According to ASH President, Dr. Alexis A. Thompson, of the Ann and Robert H. Lurie Children’s Hospital of Chicago: “One of the greatest hurdles we face in curbing the heartbreaking rate of mortality caused by sickle cell disease in sub-Saharan Africa is lack of awareness of the condition and the simple, relatively inexpensive interventions that can save lives. It starts with early recognition, ideally through newborn screening.
“Our hope is that by using these videos to dispel myths and tell parents that SCD is manageable, we can encourage families, communities and public officials to screen newborn children for sickle cell disease so that they can receive critical, accessible treatment that will help them survive.”
The videos highlight efforts currently underway in Ghana, a country with a high incidence of SCD, to help dispel myths and eliminate the stigma of the disease. The videos show families the steps they can take to ensure that children born with SCD are diagnosed promptly so they can get proper medical care. In Ghana, newborn screening and educational efforts have significantly decreased mortality rates.

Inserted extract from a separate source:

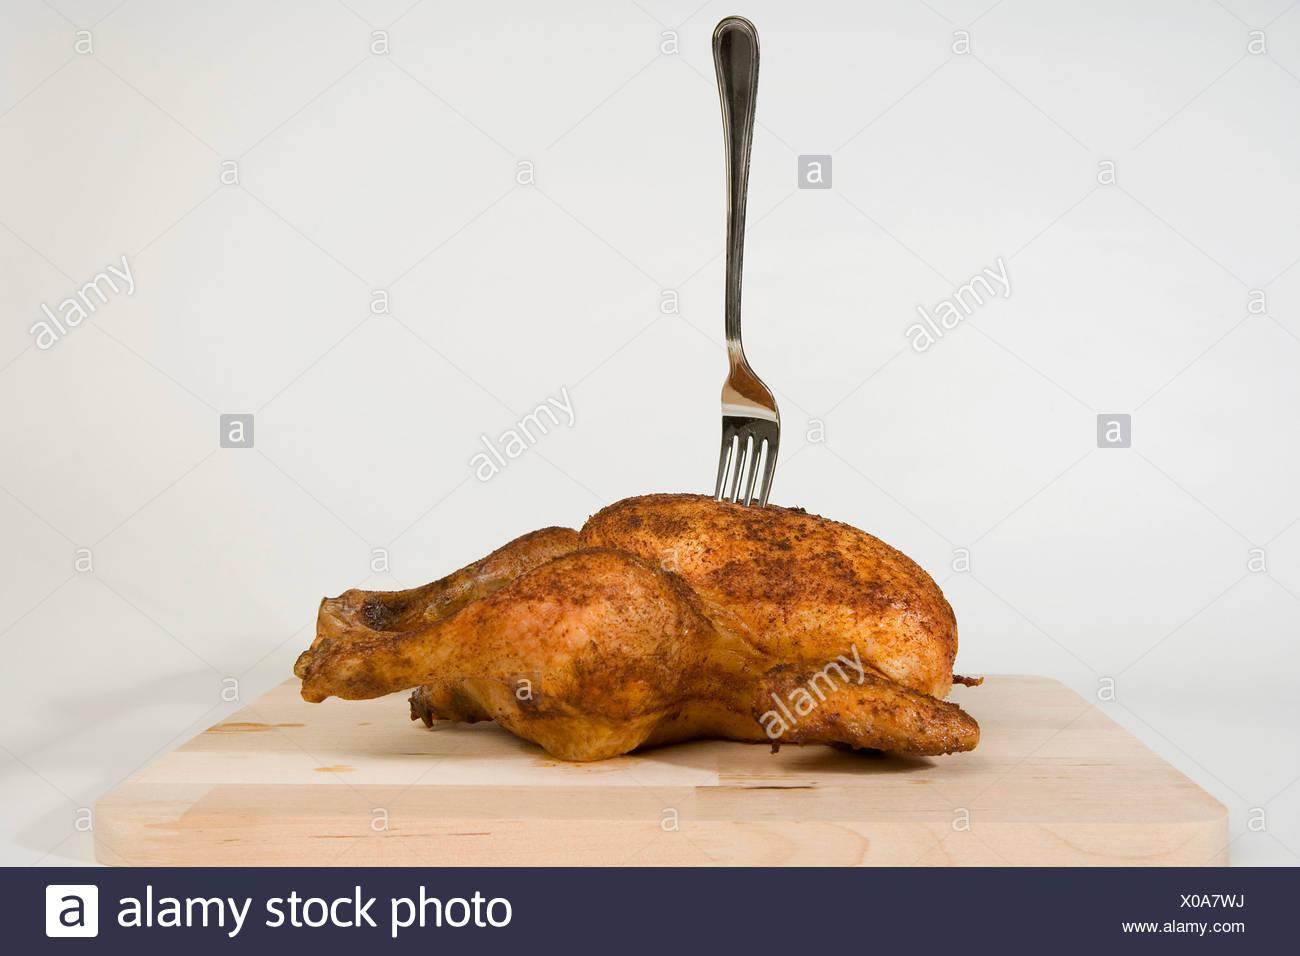 Eine Gabel in ein gebratenes Huhn stecken Stockbild

“Unfortunately, despite the work we’ve done in Ghana and across Africa, much remains to be done to reduce infant mortality—90 percent of children with SCD in resource-poor countries will not survive to adulthood,” said Dr. Kwaku Ohene-Frempong, of the Sickle Cell Foundation of Ghana.
“In Ghana, we’ve seen that simple public health measures, especially newborn screening, help children lead more normal lives. In the first 10 years of newborn screening, we made dramatic improvements in reducing sickle cell-related childhood mortality.”
The American Society of Hematology is the world’s largest professional society of hematologists dedicated to furthering the understanding, diagnosis, treatment, and prevention of disorders affecting the blood.
The Society has made conquering SCD around the world top priority and is leading efforts to translate research into cutting-edge therapies and cures, increase access to care, educate health care providers, and encourage policymakers to make strides in universal screening and care efforts.
In 2016, the Society founded the Sickle Cell Disease Coalition to amplify the voice of the SCD stakeholder community, promote awareness, and improve outcomes for individuals with SCD globally.
The Coalition is focused on promoting research, clinical care, education, training, and advocacy while providing a platform to encourage stakeholders to work together to develop and implement important projects and activities that will ultimately help the SCD community and improve outcomes for individuals with the disease.